Communication Technology and New Media

Abstract

This paper proposes and develops a model of audience evolution. The concept of audience evolution in this case refers to the notion that the dominant framework employed by media industry stakeholders (content producers, distributors, advertisers, media buyers, etc.) to conceptualize the audience evolves in response to environmental changes. These environmental changes primarily involve technological changes that simultaneously transform the dynamics of media consumption as well as the dynamics of gathering information on various dimensions of audience behavior. These technological changes also interact with one another, in that the technological changes that affect the dynamics of media consumption also simultaneously provide new means of gathering information on previously umeasurable aspects of audience behavior. These technological changes, and their economic and strategic implications, are then filtered through a process of stakeholder resistance and negotiation, out of which new institutionalized conceptualizations of the media audience emerge. This paper asserts a causal relationship between the decline of traditional exposure metrics and the emergence of alternative conceptualizations of audience behavior.

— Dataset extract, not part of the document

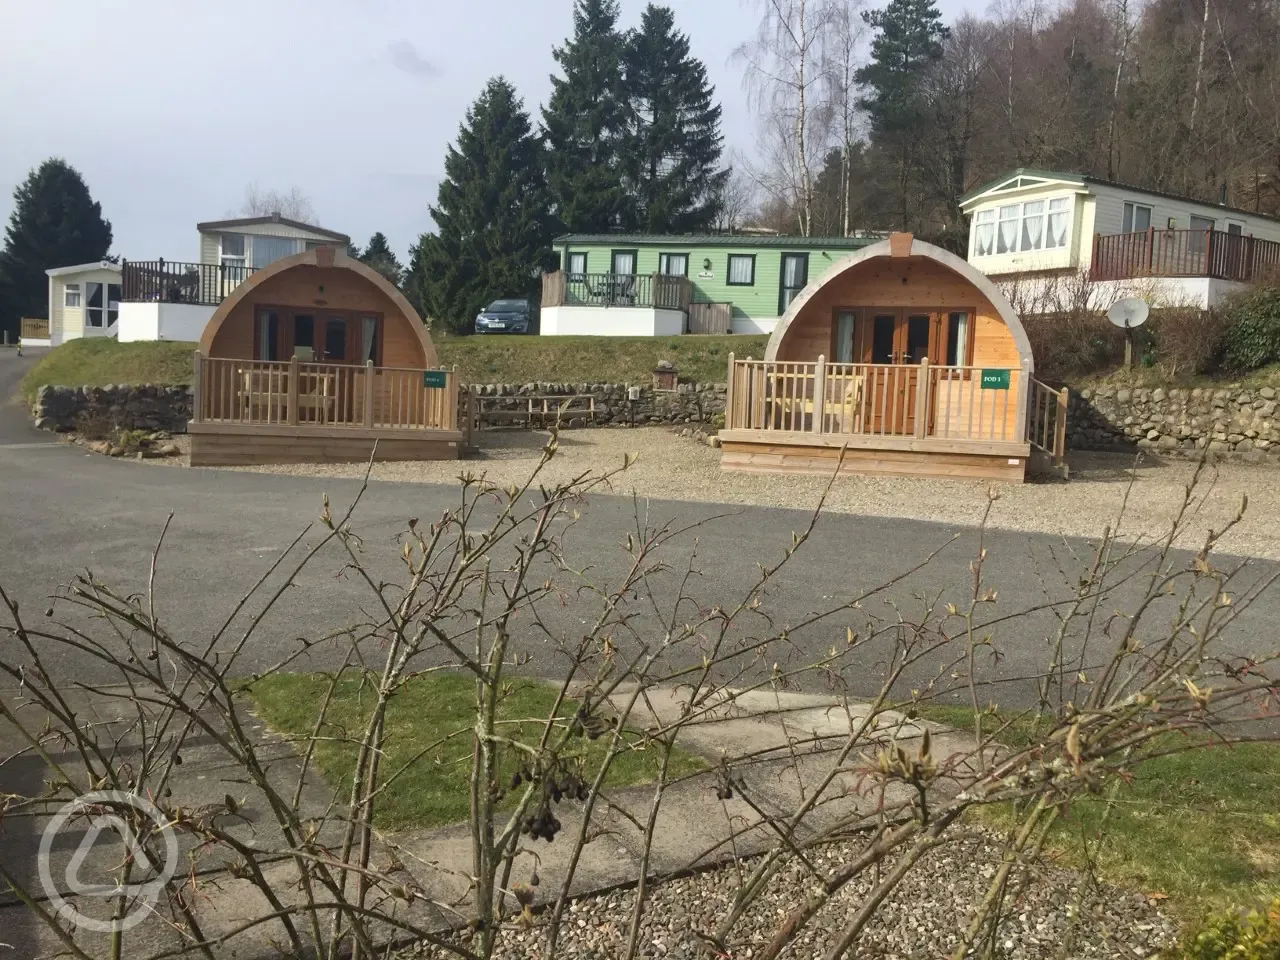 Camping Pods at Corriefodly

That is, the extent to which the fragmentation of the media environment is undermining the long-institutionalized exposure-focused conceptualization of the audience is creating an environment of exploration of – and receptivity toward – alternative conceptualizations of the audience that are derived from dimensions of audience behavior that are better capturable in today’s increasingly fragmented, increasingly interactive media environment. This pattern suggests that the institutionalized audience is a very malleable construct; something that evolves in response to environmental conditions in order to facilitate the continued functioning of the audience marketplace.